▶ EXERCISE INSTRUCTIONS
Every line below from the one containing "SOREL 1553381231 Ankeny" through the one containing "bellapur ki dayan" must be transcribed exactly. Omit all lines outside that stretch.

[RECORD SET — start]

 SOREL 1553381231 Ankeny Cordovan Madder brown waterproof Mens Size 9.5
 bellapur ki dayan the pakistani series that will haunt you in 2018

[RECORD SET — finish]
[RECORD SET — start]

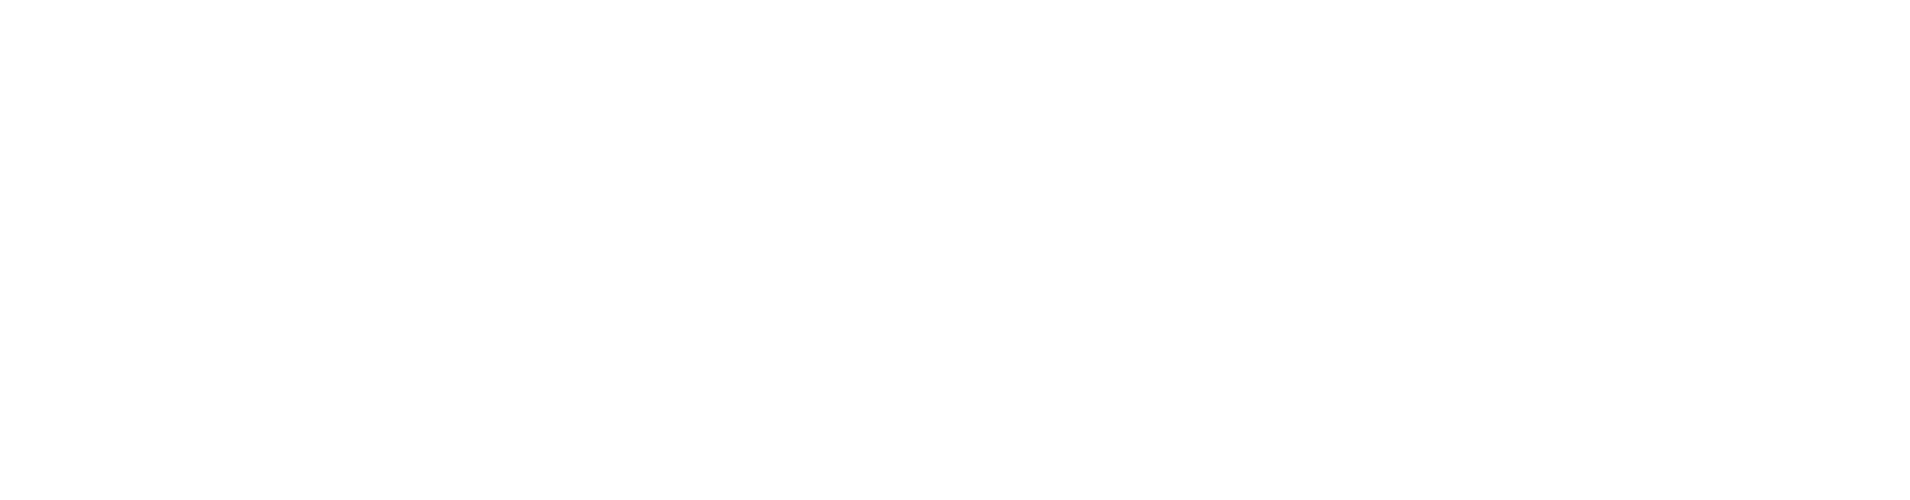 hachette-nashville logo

[RECORD SET — finish]

▶ ANSWER FOR THIS EXERCISE
 SOREL 1553381231 Ankeny Cordovan Madder brown waterproof Mens Size 9.5
 bellapur ki dayan the pakistani series that will haunt you in 2018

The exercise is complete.